▶ [What you are asked to do]
Nothing but the pictures is dropped; write out all the remaining data below exactly.

▶ [Data provided]
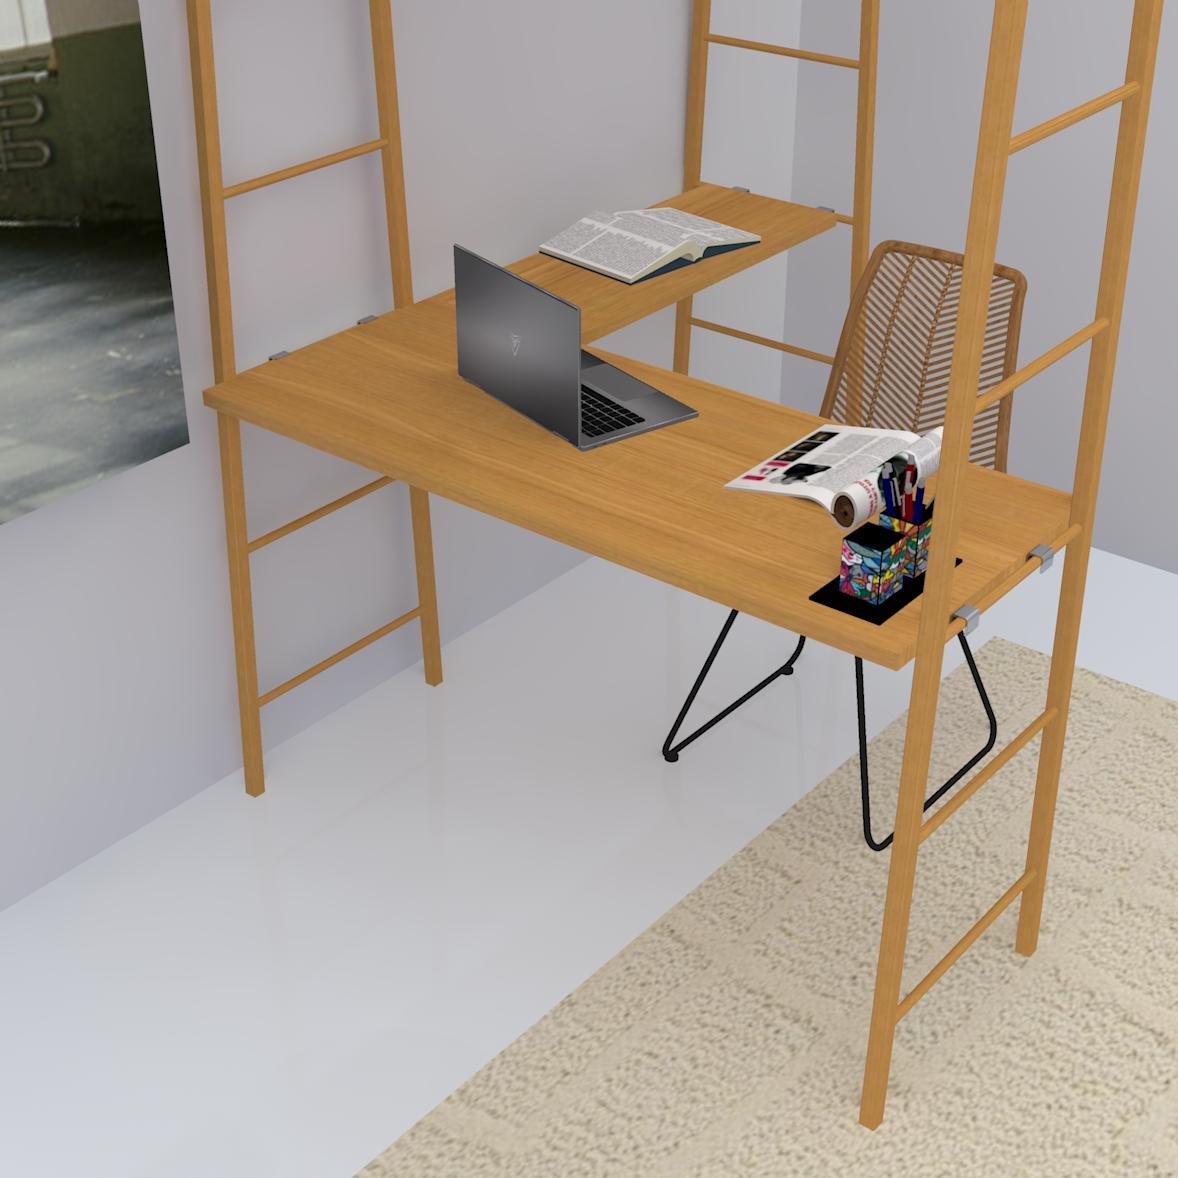 002 office
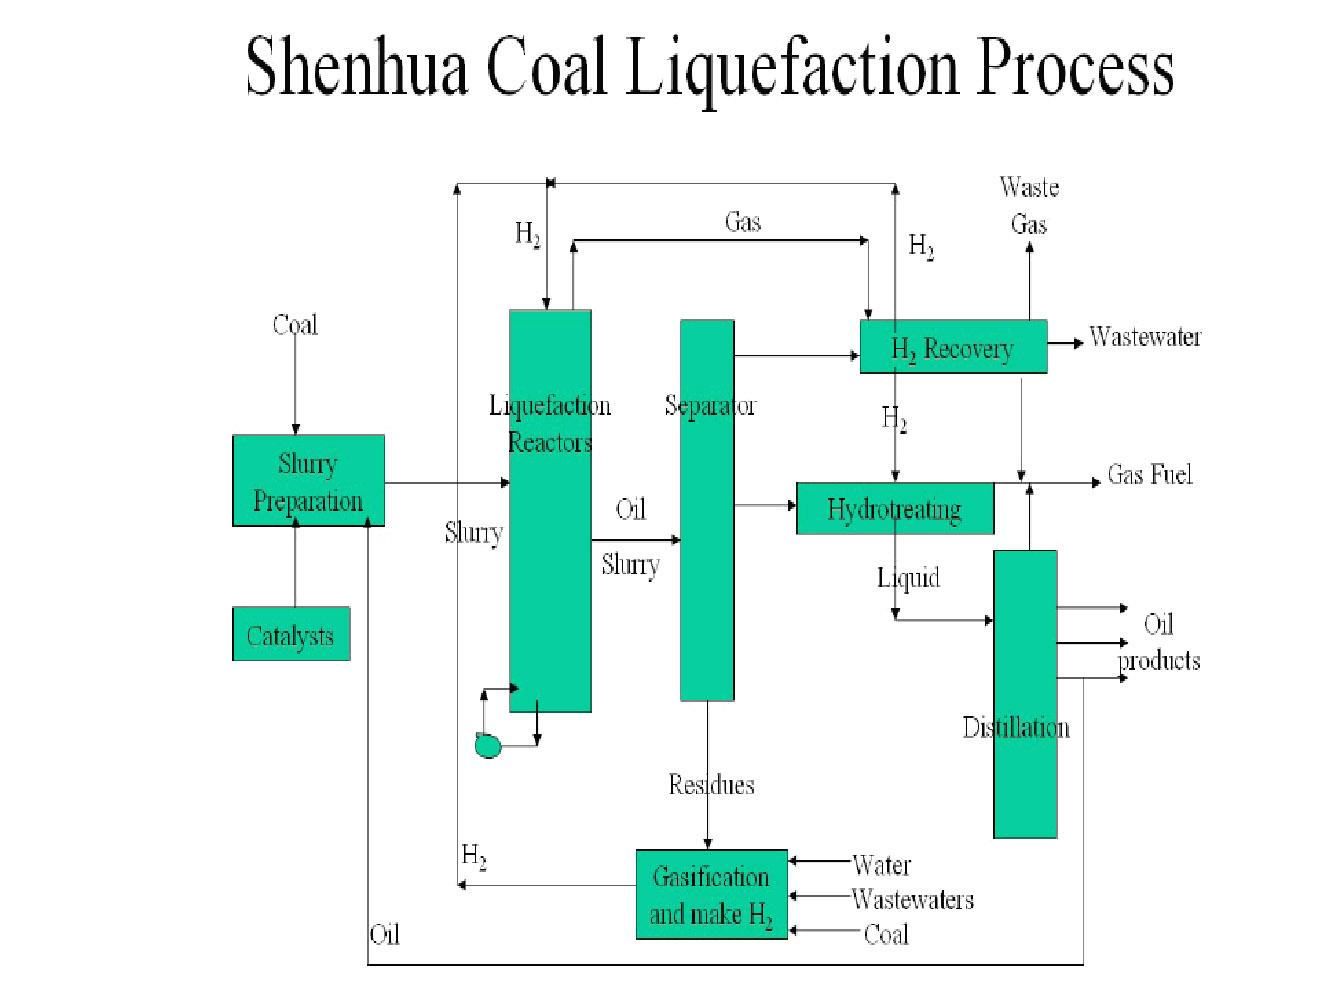 Al fin energy june 2012 shenhua direct coal liquefaction plant pooptronica Image collections
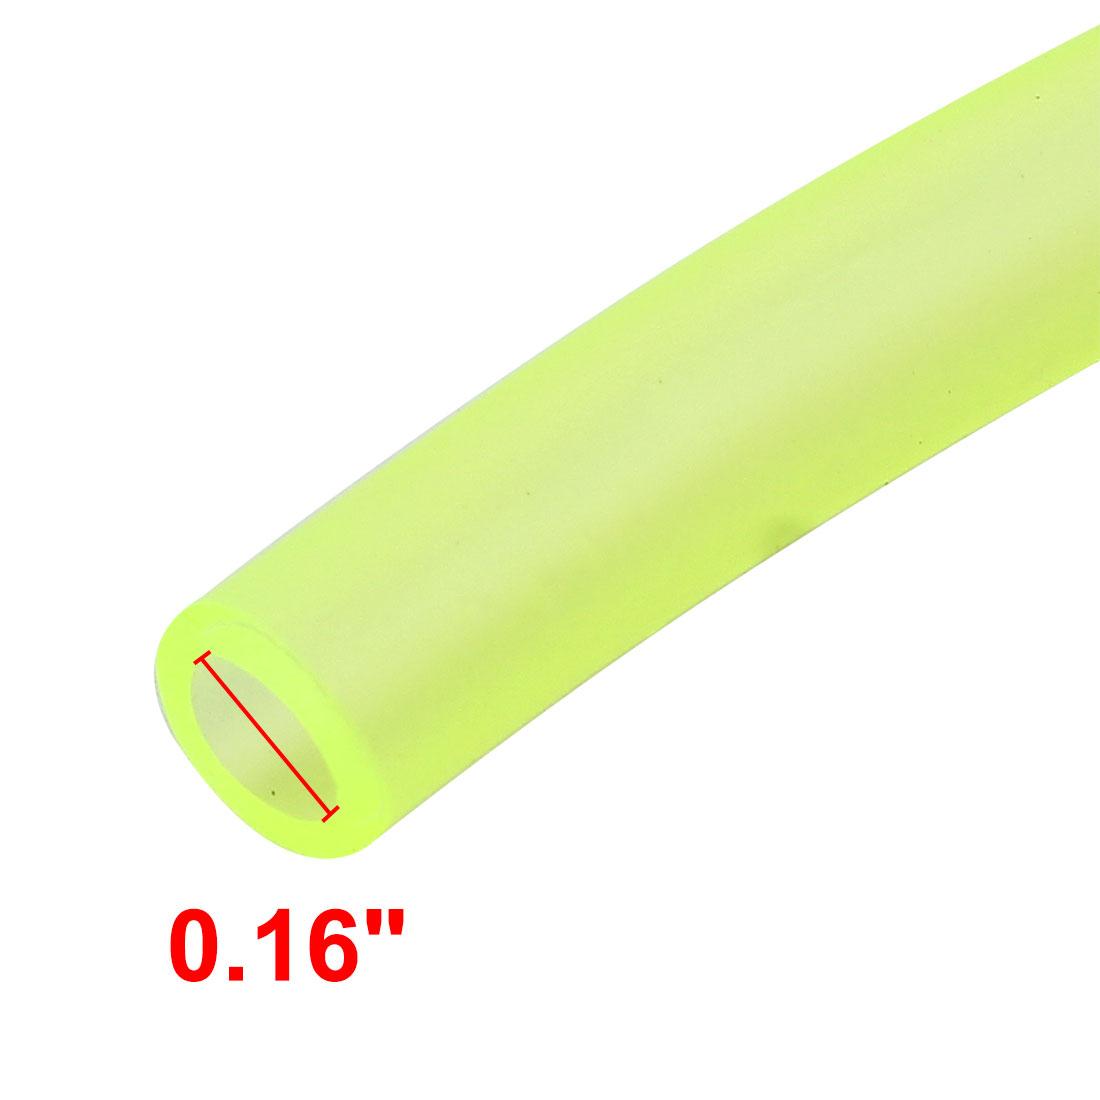 Aquarium PVC 3 Way Air Valve Pipe Oxygen Circulate  Green 4.4M Length - image 2 de 3
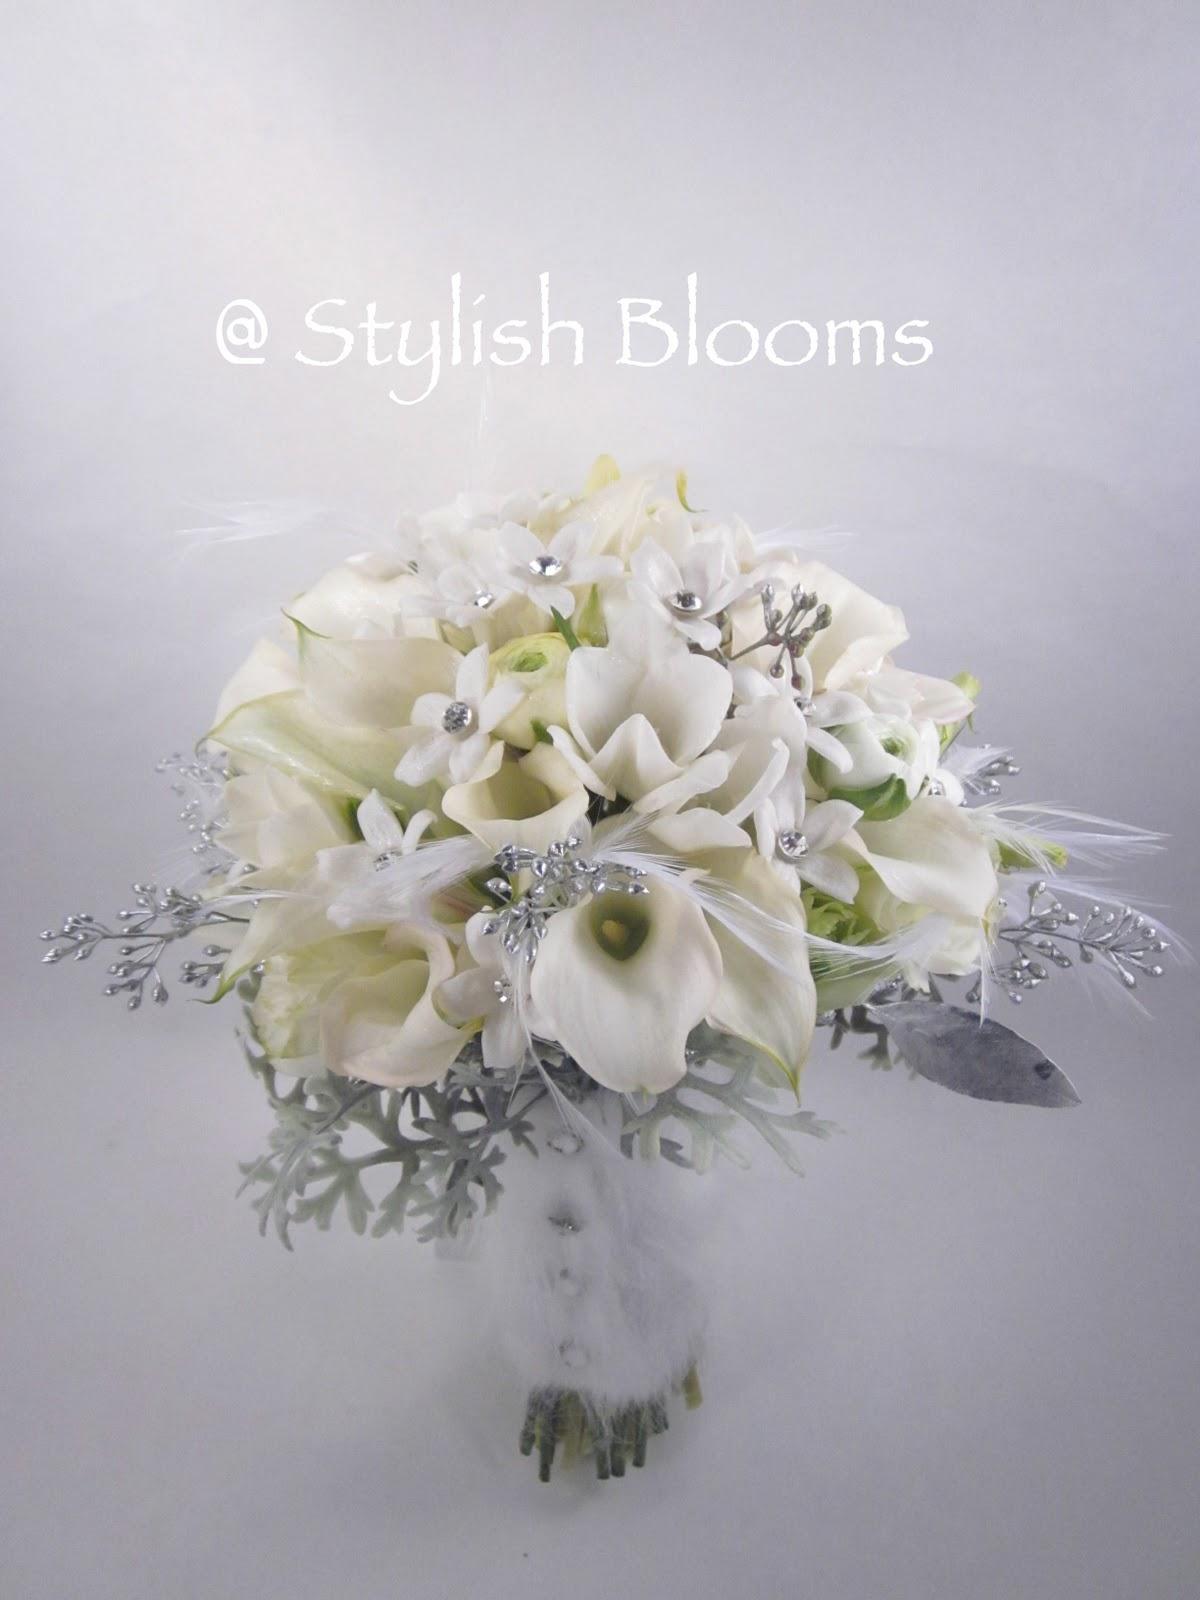 stylish blooms winter wedding. Black Bedroom Furniture Sets. Home Design Ideas

▶ [Solution to this task]
 002 office
 Al fin energy june 2012 shenhua direct coal liquefaction plant pooptronica Image collections
 Aquarium PVC 3 Way Air Valve Pipe Oxygen Circulate  Green 4.4M Length - image 2 de 3
 stylish blooms winter wedding. Black Bedroom Furniture Sets. Home Design Ideas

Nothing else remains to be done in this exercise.